Will Republicans’ reconciliation bill successfully gut the Inflation Reduction Act?
A Democratic and Republican senator speaking last week at Heatmap’s Energy Entrepreneurship 2025 event predicted that it will not.
A proposal effectively killing the IRA “wouldn’t make it through the House,” Senator John Curtis of Utah, a Republican, said flatly at the event.
“If you believe that democracy does follow representation, those House members from those states are going to fight like hell to maintain those credits,” Senator John Hickenlooper, a Democrat of Colorado, agreed. He argued that 70% of the credits and benefits in Biden’s flagship climate law go to red states.
“I think you’re going to find enough Republicans push back on the value of these credits that there will be a thoughtful discussion and very careful review of each one. And as you know from the number of people that have spoken up on this, I think we’re in a good place, but that doesn’t mean they won’t be pushed and poked and prodded,” Curtis added, referencing the Republican signatories of letters sent to party leaders urging the preservation of the credits. Curtis and Hickenlooper both were optimistic about the chances of the credits surviving the budget reconciliation underway.

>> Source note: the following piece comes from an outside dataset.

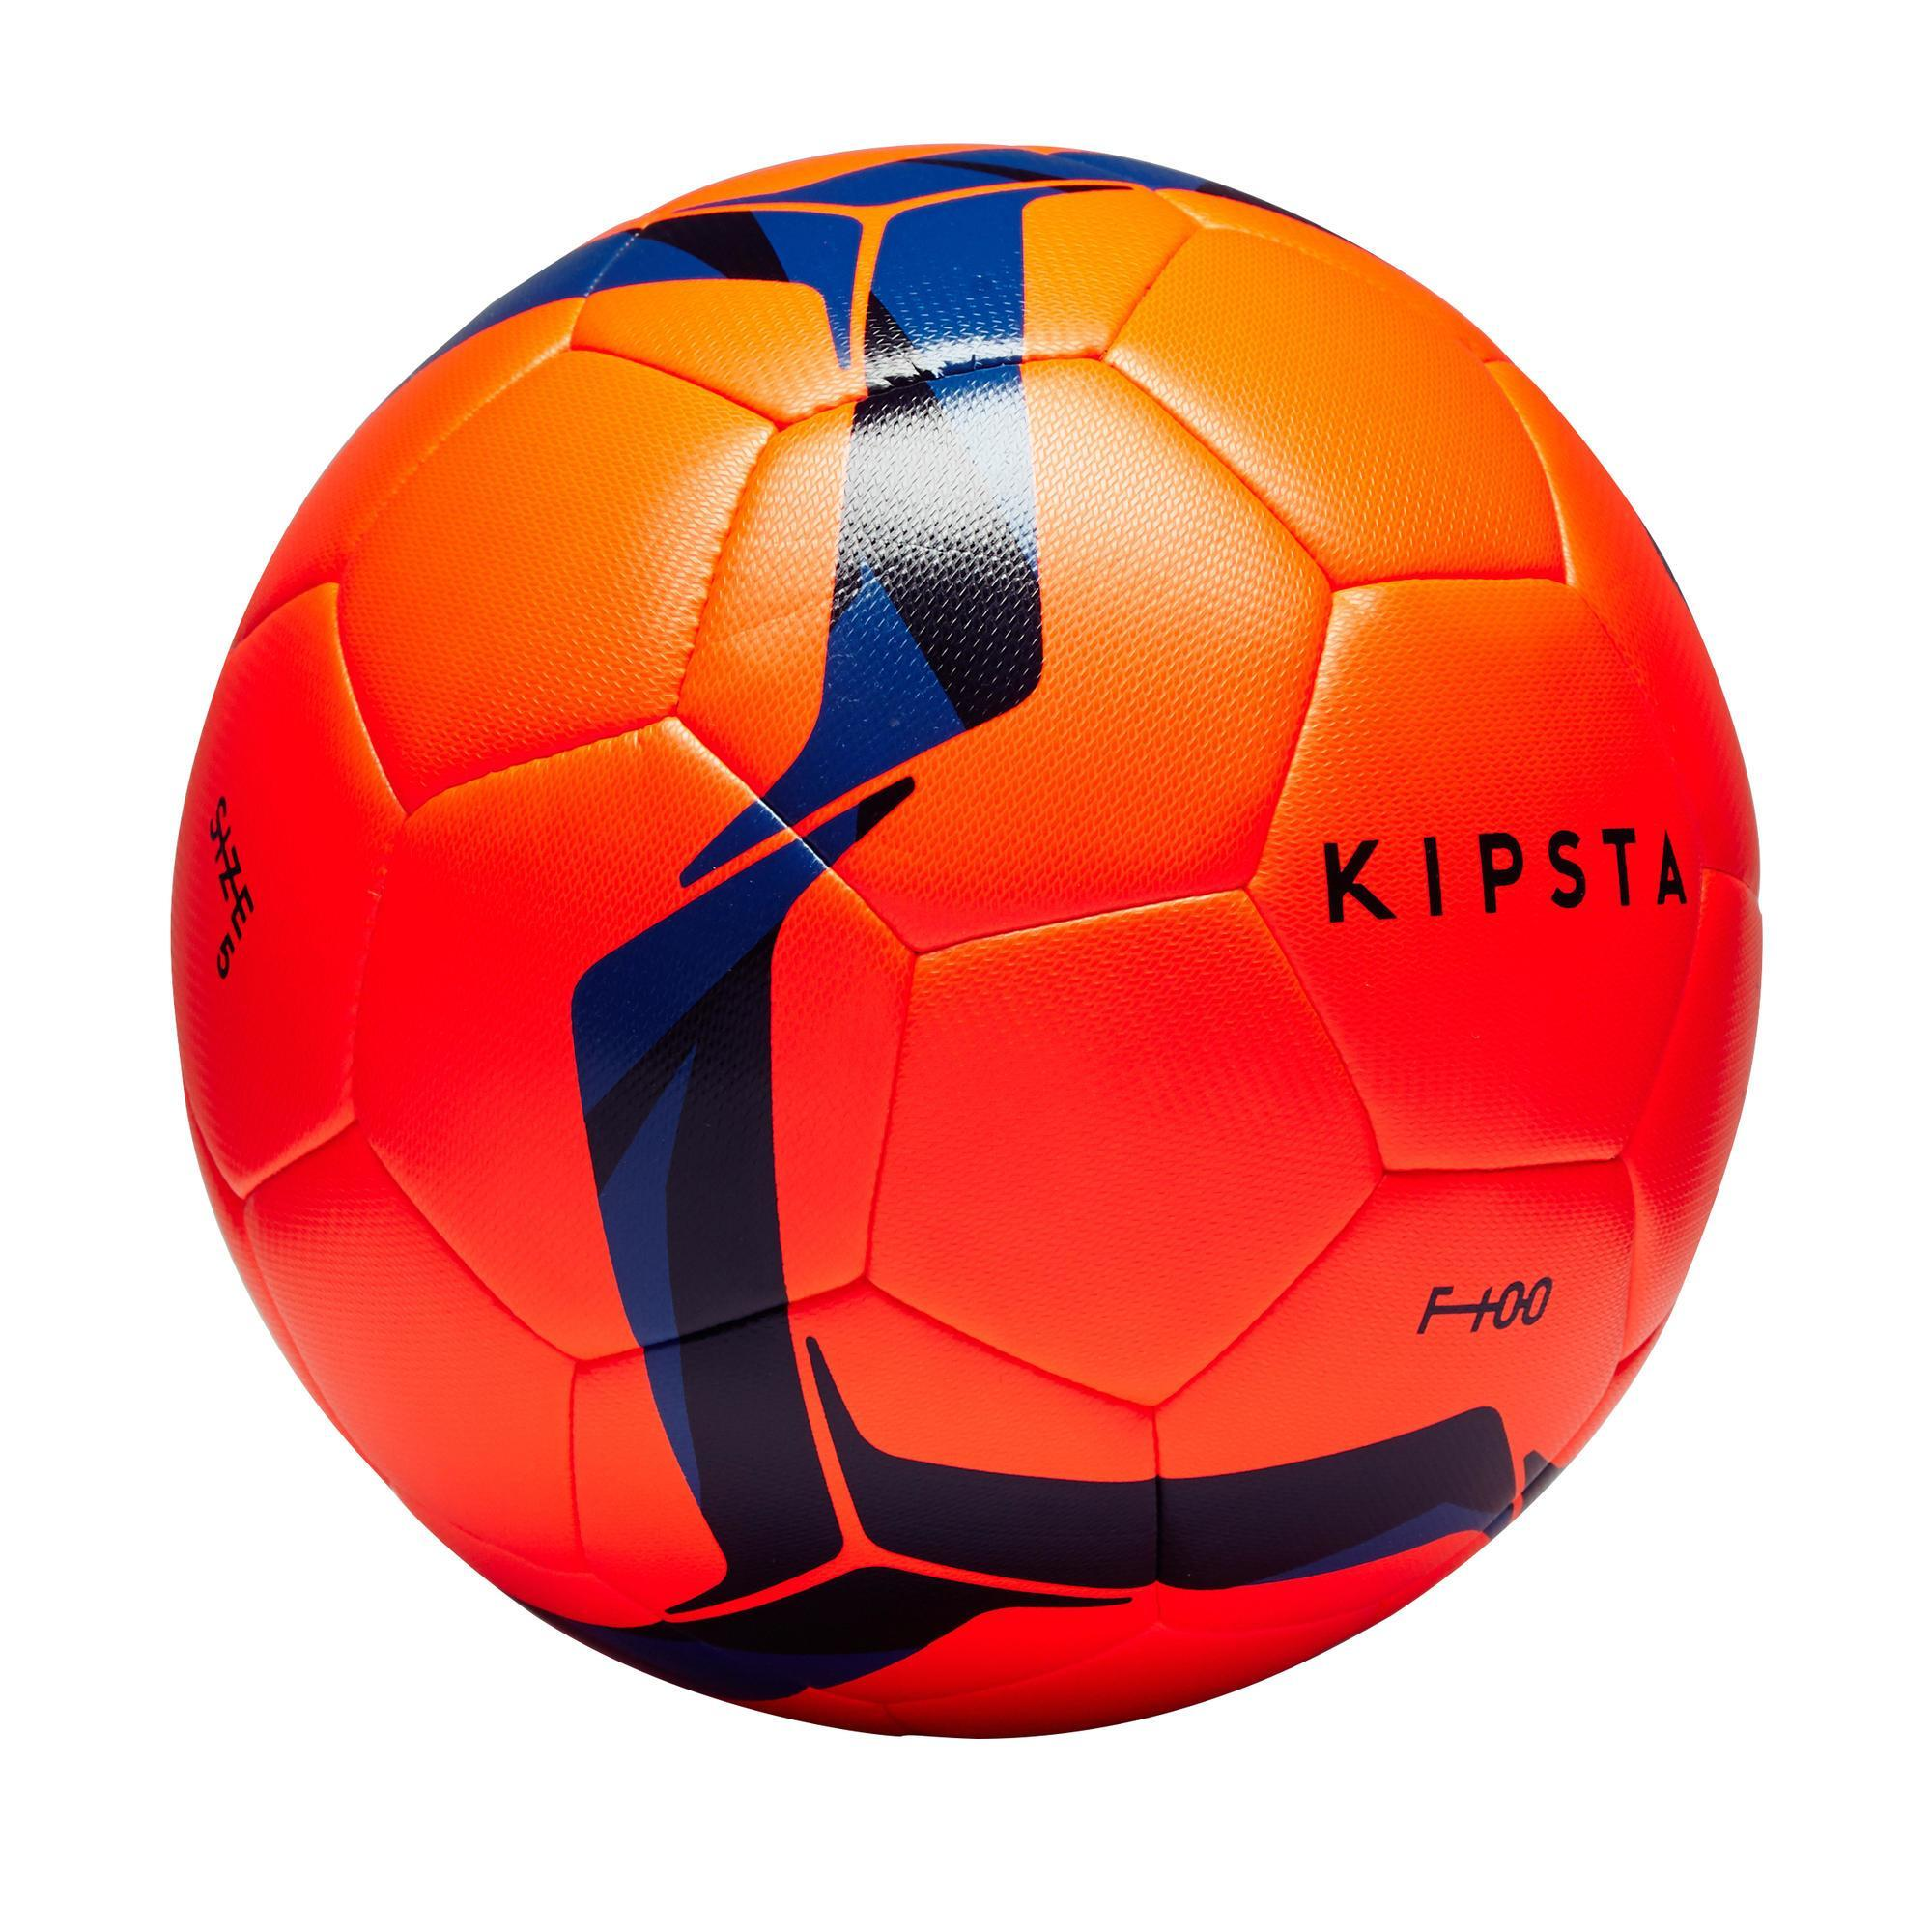 7c5f3f068b373 Balón de fútbol híbrido talla blanco kipsta decathlon jpg 700x700 Decathlon  caña alto taco fútbol
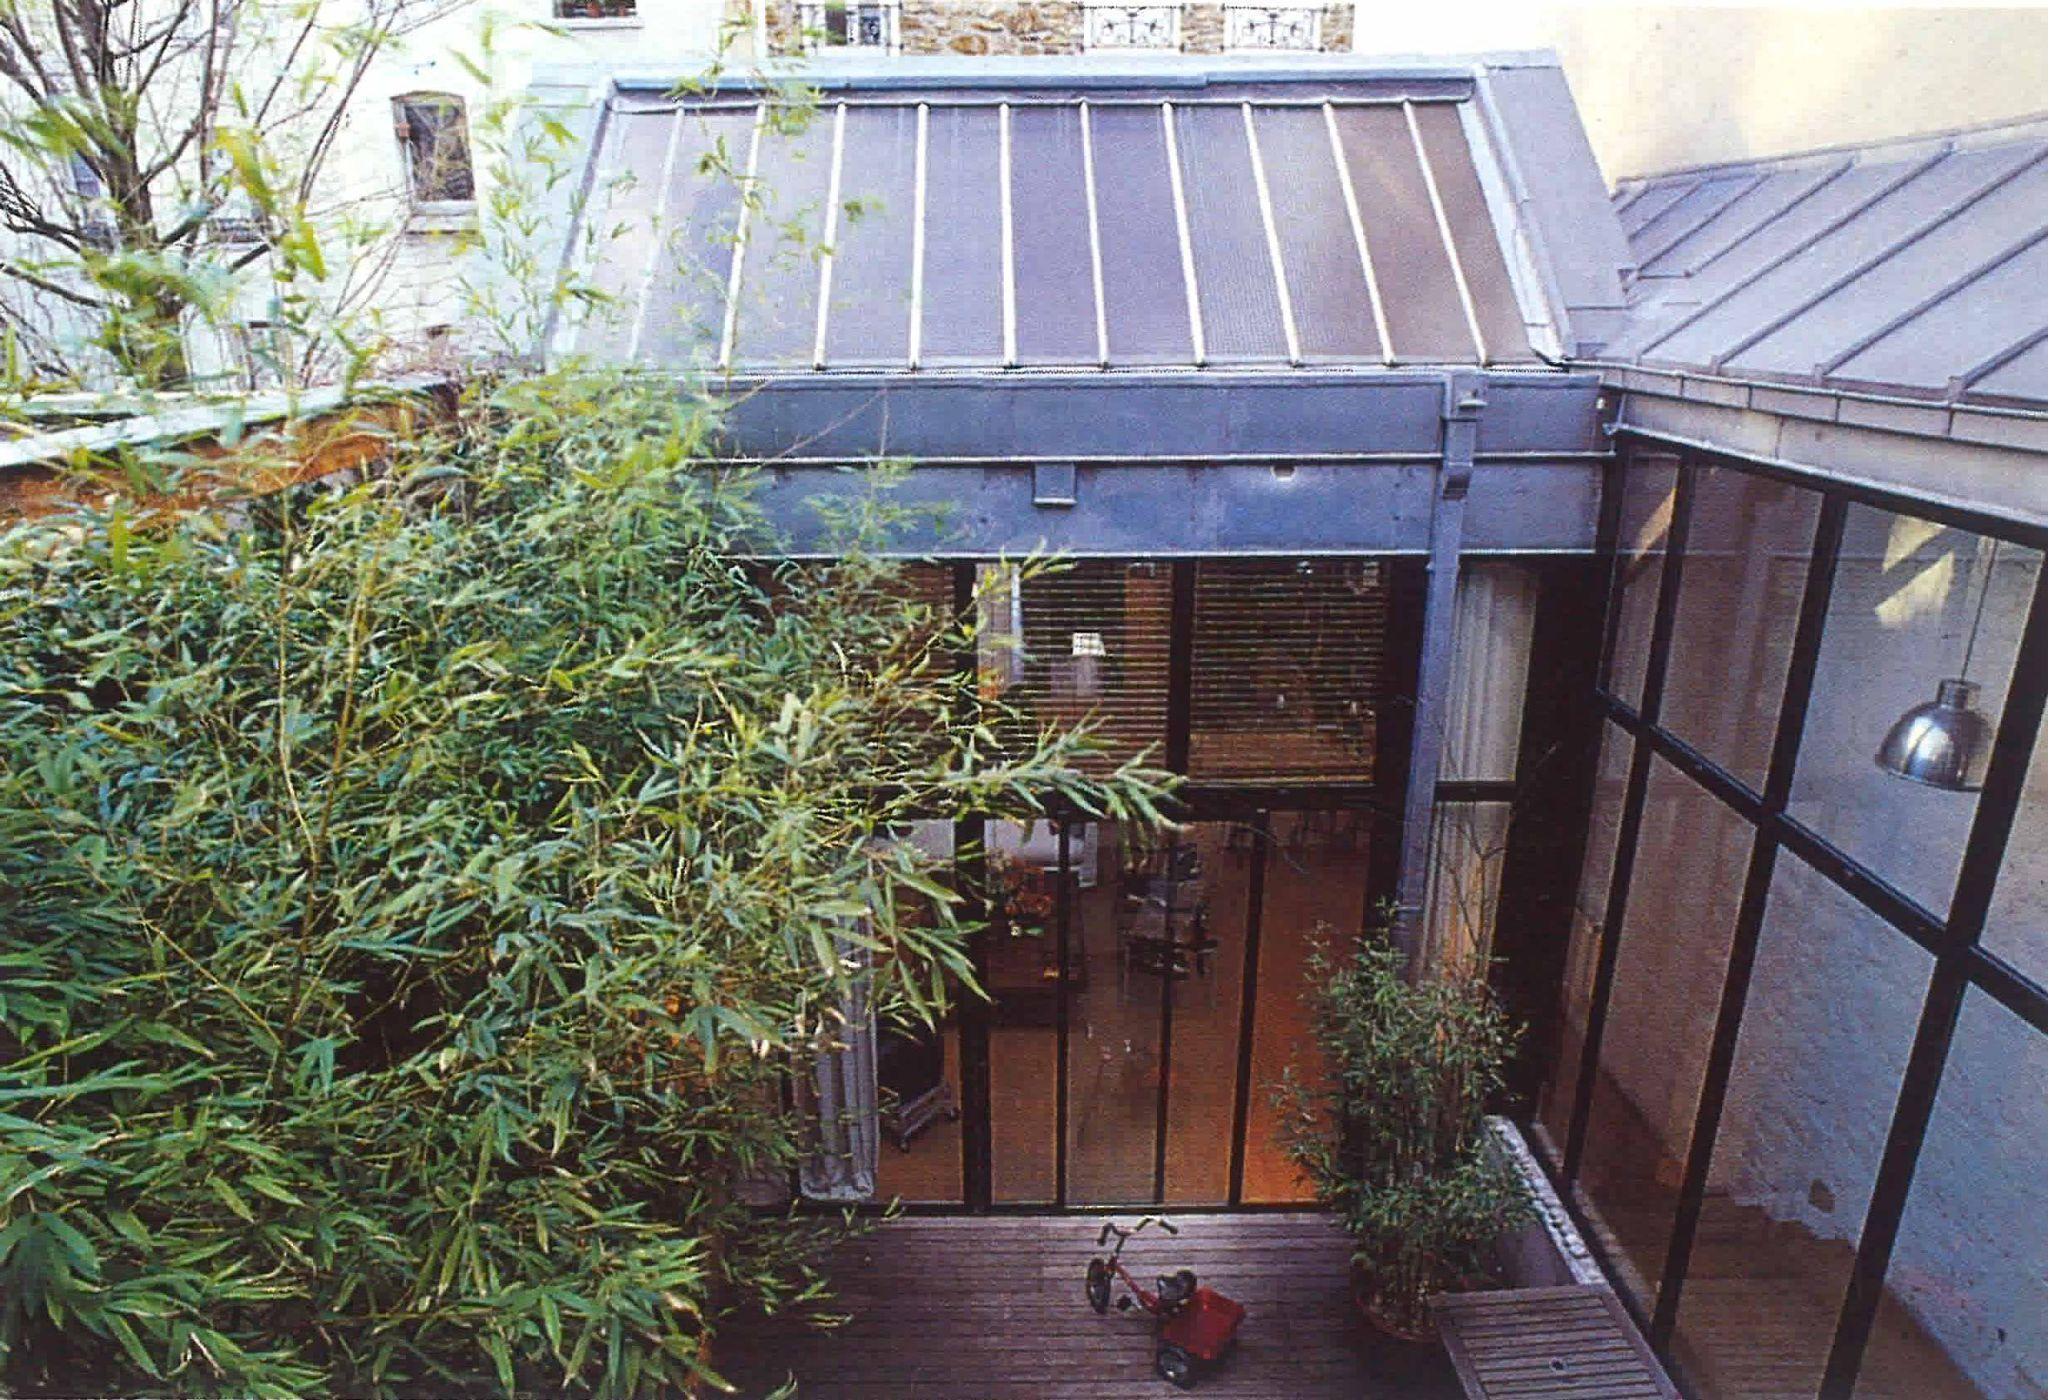 Transvaal PCA-STREAM volumes verrière patio vue extérieure

Consensus, not compromise, was the name of the game at Heatmap’s D.C. Climate Week event, which saw Heatmap executive editor Robinson Meyer sit down with the senators to discuss their approach to climate policy and bipartisan collaboration.

Curtis and Hickenlooper have worked together on the Co-Location Energy Act, which ensures that wind and solar projects can be developed on land already leased for other types of energy projects, and the Fix Our Forests Act, which emphasizes wildfire mitigation and forest health.
Thursday’s discussion also touched on working with the Trump administration on climate and energy policy. Curtis revealed that he spoke to all of Donald Trump’s nominees, including Chris Wright, about his work in the House on the Conservative Climate Caucus. “They all knew about it, and they all supported it,” he noted, adding that EPA administrator Lee Zeldin was a member of the Caucus when he served in the House.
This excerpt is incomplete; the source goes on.